Mi fanno osservare, innanzitutto, che la distribuzione attuale della variazione (integrazione-tagli) al Fondo sperimentale di riequilibrio è stata discussa in sede di Conferenza Stato-Città ed autonomie locali, presso il Ministero dell'interno, in data 2 agosto 2012.

Nelle varie riunioni al tavolo tecnico sulla finanza locale, tenutesi quindi nell'ultima decade di luglio, sono stati illustrati i criteri e le metodologie di calcolo delle nuove stime dell'IMU e dell'ICI ed è stato anche discusso il trattamento dei comuni colpiti dal sisma, sulla base della normativa vigente.
A seguito della conferenza del 2 agosto sono state quindi pubblicate, in data 6 agosto 2012, sul portale del federalismo fiscale, per ciascun comune, le nuove stime dell'IMU, dell'ICI e conseguentemente le variazioni del Fondo sperimentale di riequilibrio, nonché la nota metodologica sui criteri seguiti per definire ciascuna delle componenti (IMU, ICI, IRPEF sui redditi fondiari relativi agli immobili non locati) che incidono sulla determinazione della variazione del predetto fondo.

In relazione ai rilevi sulla correttezza della stima del gettito derivate dall'IMU, il Dipartimento mi fa presente che la proiezione annuale degli incassi attesi dall'IMU non si ottiene raddoppiando l'importo della rata incassata a giugno. Siffatta modalità di calcolo porta, ovviamente, alla determinazione di un importo inferiore rispetto alla stima su base annuale. In altri termini, non è corretto calcolare il gettito dell'IMU annuale mediante il semplice raddoppio della rata incassata a giugno ed operare il confronto con la stima effettuata dal Dipartimento delle finanze.

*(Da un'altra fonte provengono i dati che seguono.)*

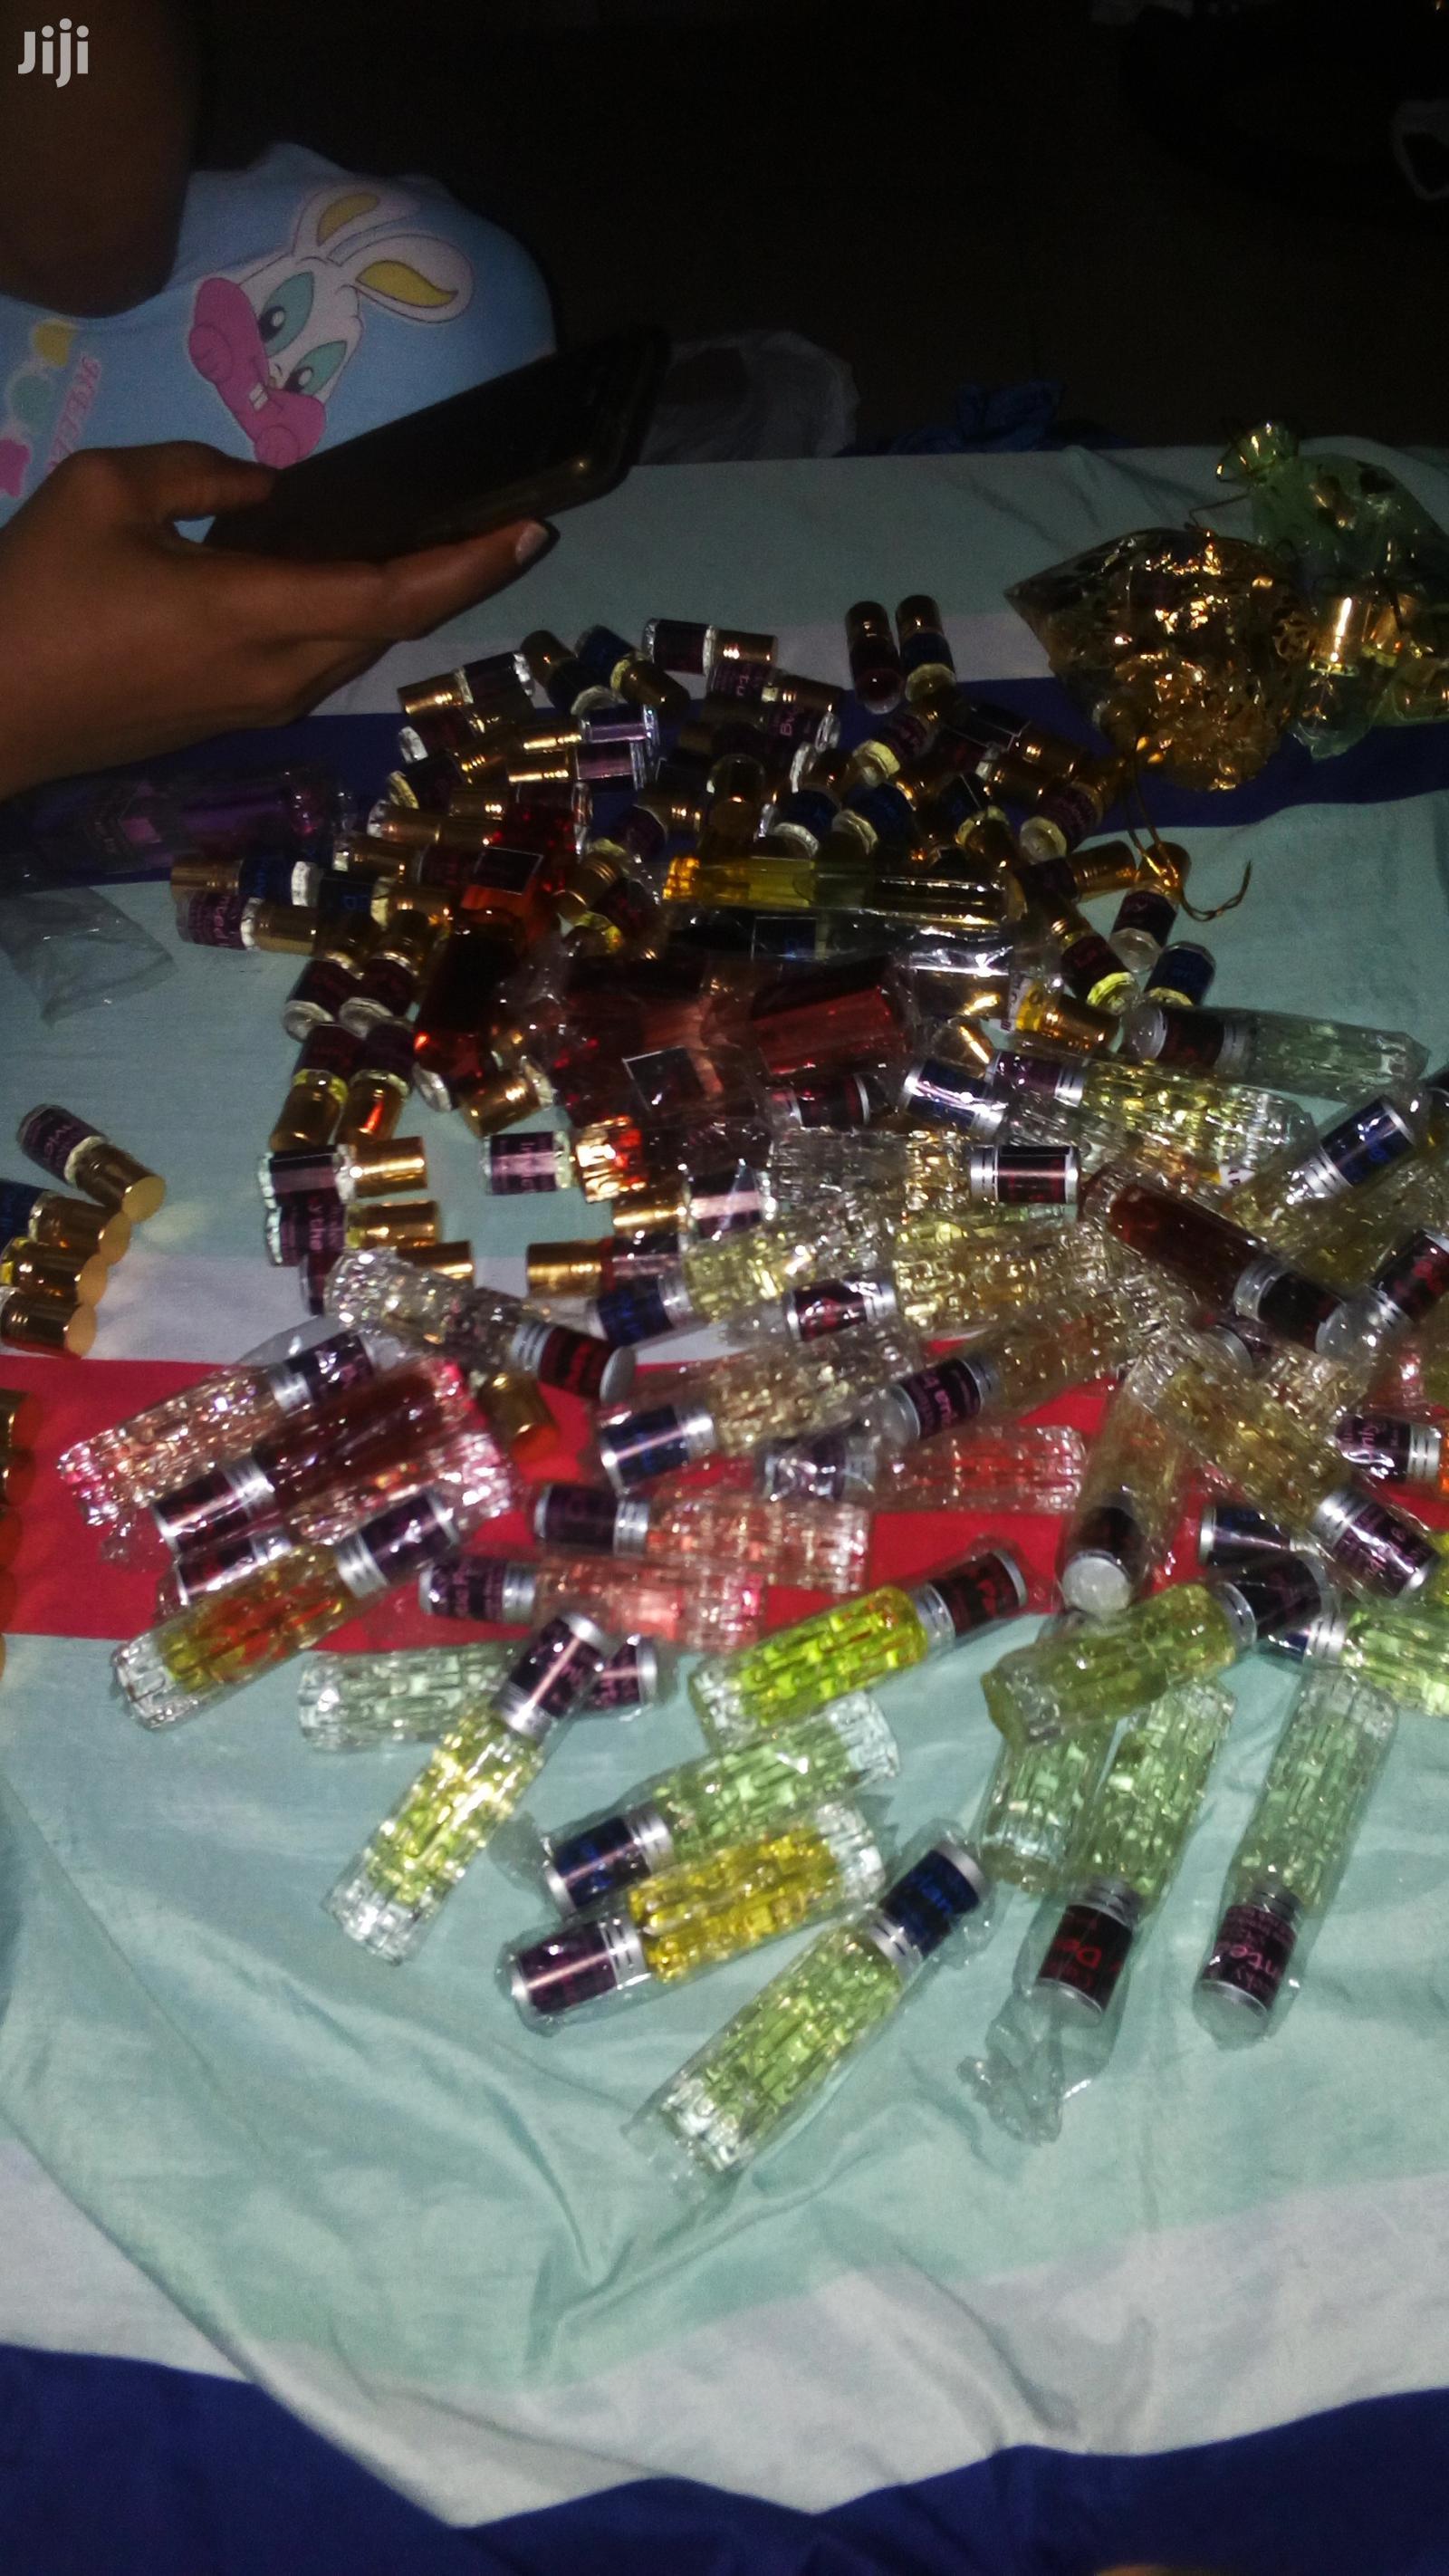 Fragrance Unisex Oil 3 ml   Fragrance for sale in Obio-Akpor, Rivers State, Nigeria

Ai fini di un confronto omogeneo tra i dati in parola occorre, infatti, tenere conto dei seguenti elementi. In primo luogo, i versamenti relativi all'abitazione principale dei contribuenti che hanno optato per il versamento in tre rate (la prima a giugno e la seconda a settembre, in misura pari ad un terzo dell'imposta, calcolata applicando l'aliquota di base e la detrazione; la terza rata a dicembre, a saldo dell'imposta complessivamente dovuta per l'intero anno con conguaglio sulle precedenti rate). Quindi, nel caso di tre rate ovviamente non si può raddoppiare.

In secondo luogo, i versamenti relativi ai fabbricati rurali per i quali il comma 8 dell'articolo 13 del decreto-legge n. 201 del 2012, dispone che per l'anno 2012, la prima rata è versata nella misura del 30 per cento dell'imposta dovuta applicando l'aliquota di base e la seconda rata è versata a saldo dell'imposta complessivamente dovuta per l'intero anno con conguaglio sulla prima rata.
In terzo luogo, i versamenti relativi ad alcune fattispecie impositive ai fini IMU, indicate nella nota metodologica. Ci sono delle particolarità quindi nel versamento che riguardano i seguenti edifici: fabbricati rurali da accatastare entro novembre che verserebbero il saldo a dicembre; immobili non dichiarati in catasto (a partire dal 3 maggio 2012 e fino al 3 luglio 2012 sono stati pubblicati nell'albo pretorio del comune gli atti relativi all'attribuzione della rendita per i cosiddetti immobili fantasma di diverse tipologie; per questi immobili il versamento è atteso con la rata di dicembre); le quote di gettito derivanti dai contribuenti mancanti, le cosiddette code (si tratta di quei contribuenti che hanno beneficiato dello spostamento dei termini per le imposte sui redditi pagando una sanzione di entità contenuta). Questi sono gli elementi di cui bisogna tenere conto per arrivare ad un'esatta valutazione del gettito dell'IMU.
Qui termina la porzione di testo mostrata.